Wir gehen davon aus, dass die Fakten stimmen. Dann läge ein Verstoß gegen die 4. Genfer Konvention vor, der zufolge Gefangene nicht im Besatzerstaat weit entfernt von ihrer Heimat eingesperrt werden dürfen. Das Unternehmen würde damit Beihilfe zu diesem Verstoß gegen internationales Recht leisten.

G4S wird außerdem beschuldigt, das „israelische Apartheidregime“ zu unterstützen. Setzt sich Ihr Institut damit nicht dem Vorwurf aus, in antisemitisches Fahrwasser zu geraten?

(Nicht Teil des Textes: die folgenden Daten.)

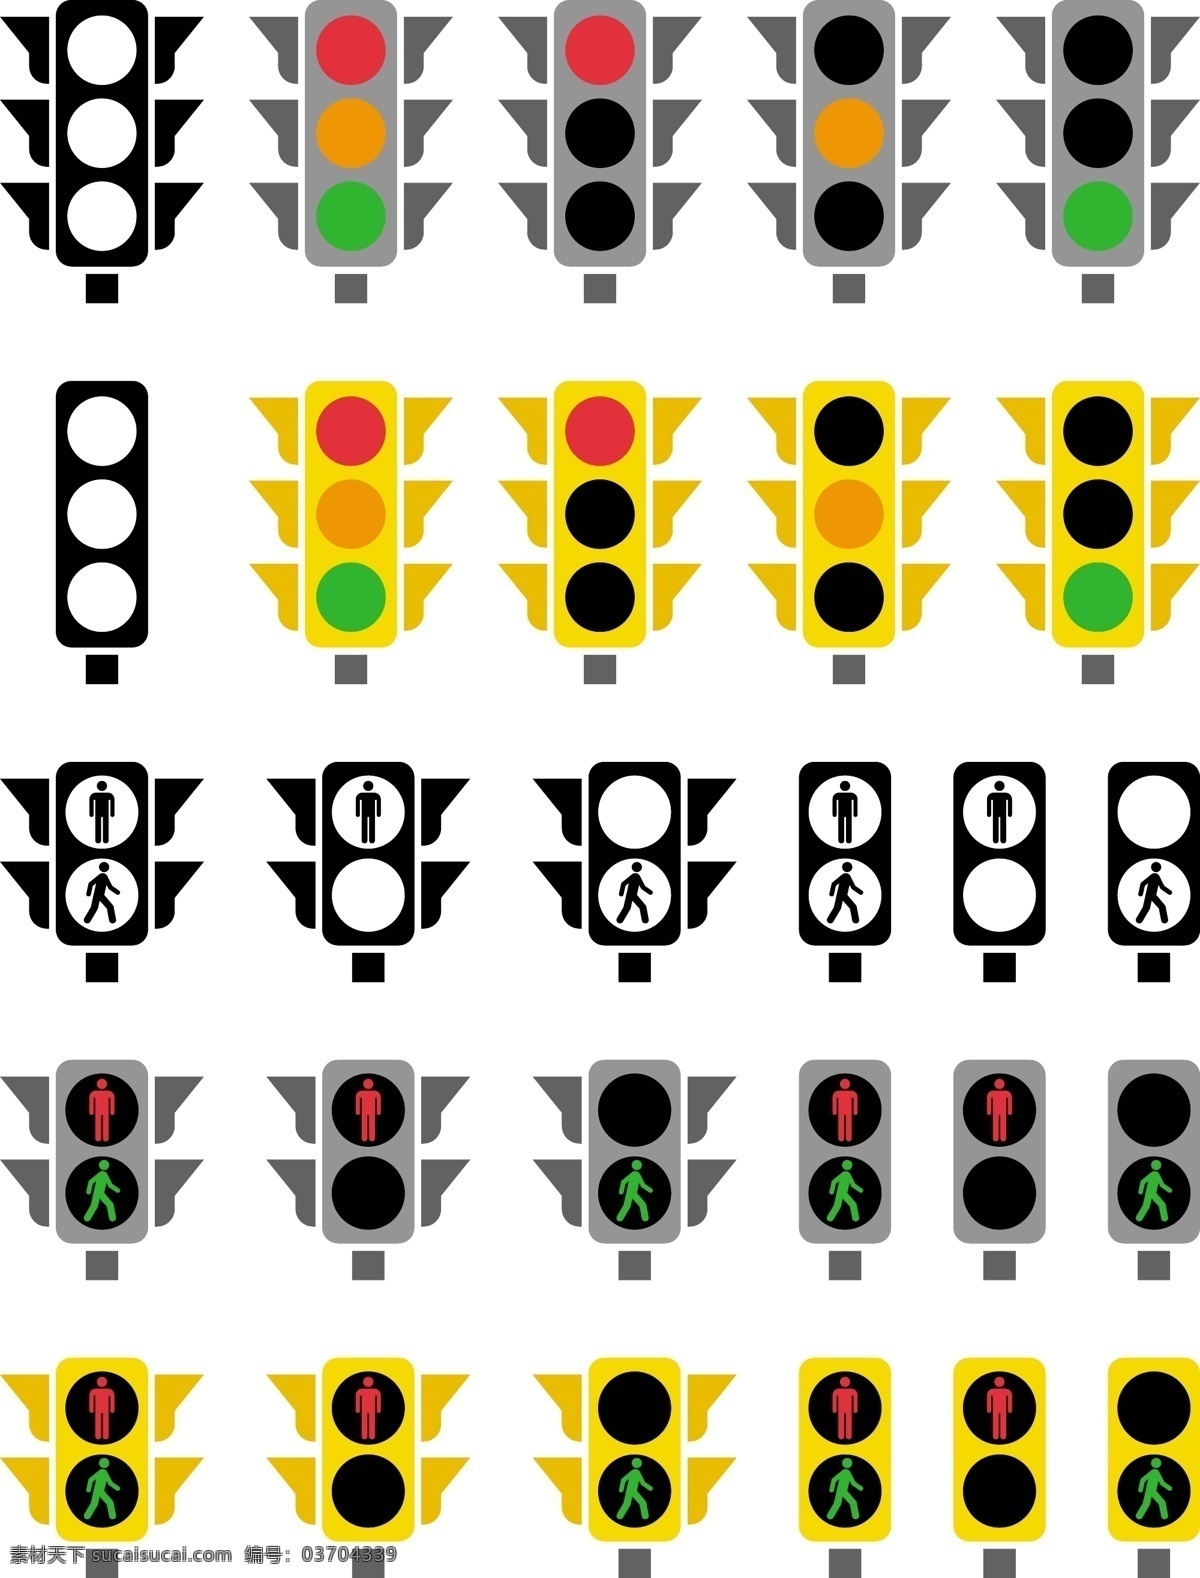 交通指示灯 安全 指示 红绿灯 红灯 绿灯 禁止 通行 矢量
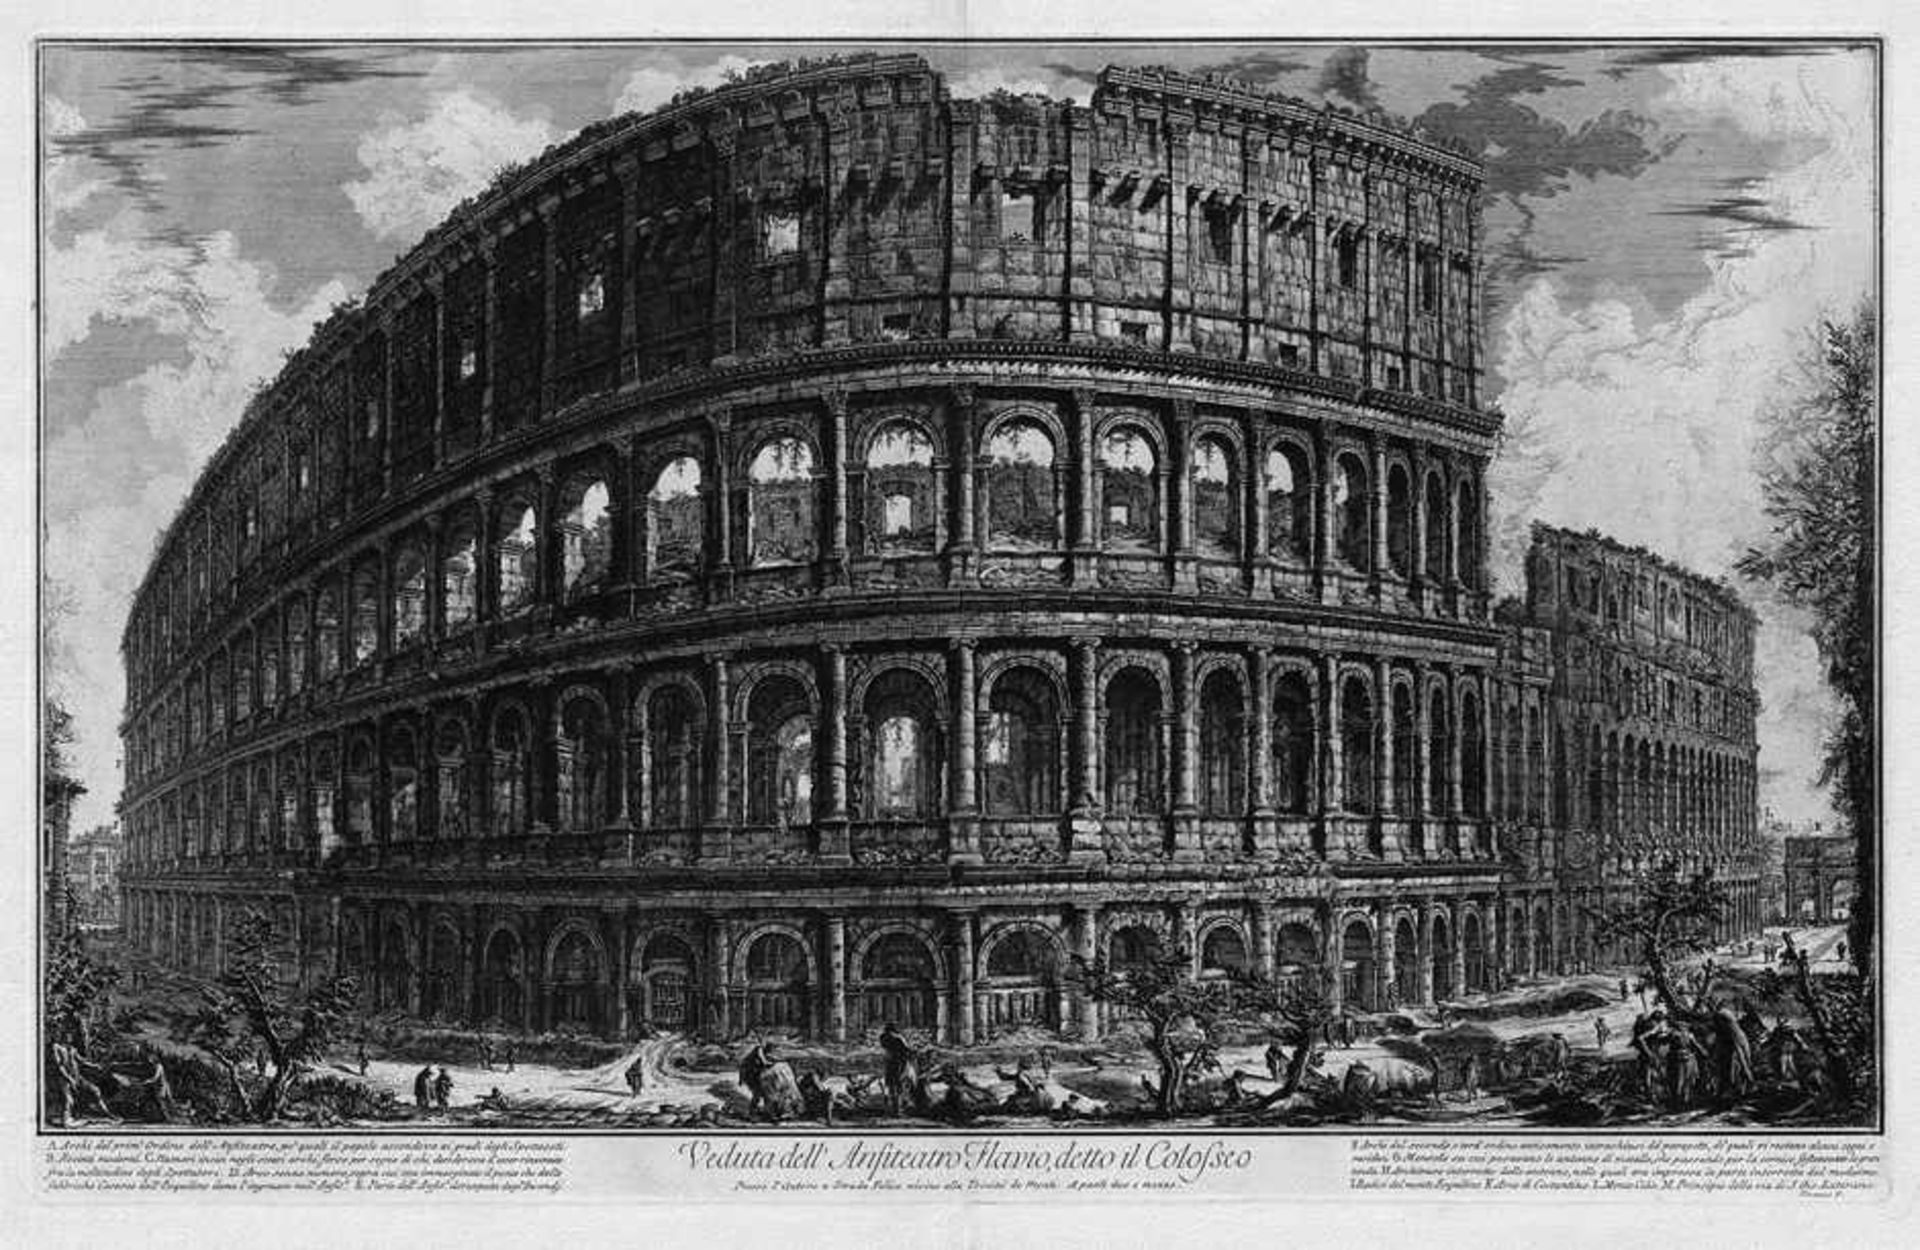 Piranesi, Giovanni Battista: Veduta dell'Anfiteatro Flavio, detto il Colosseo Veduta dell'Anfiteatro

Nein, wir machen uns die Formulierungen und moralischen Bewertungen der Nominationen nicht zu eigen. Im Gegenteil, wir analysieren aus neutraler Perspektive den wirtschaftsethischen Gehalt der Unternehmenspolitik – viele Vorwürfe werden so in unseren Gutachten auch relativiert.

Müssen sich internationale Unternehmen mittlerweile mehr für ihr Verhalten rechtfertigen als früher?

Große Firmen, die ihre Produkte direkt den Verbrauchern anbieten und auf ihre Reputation achten müssen, stehen unter stärkerer Beobachtung. Die Öffentlichkeit ist besser informiert und kritischer geworden. Sehr viele andere Firmen fliegen jedoch noch immer unter dem Radar der öffentlichen Wahrnehmung hindurch.

Zwingen auch schärfere internationale Regularien die Wirtschaft inzwischen zu partiellem Wohlverhalten?

Es tut sich was. Beispielsweise stellen die Verhaltensrichtlinien, die der UN-Beauftragte John Ruggie entwickelt hat, eine enorme Verbesserung dar. Aber auch dieses Rahmenwerk ist in letzter Konsequenz nicht rechtlich verbindlich. Auch fehlen beispielsweise internationale Gerichte, vor denen solche Grundsätze eingeklagt werden könnten.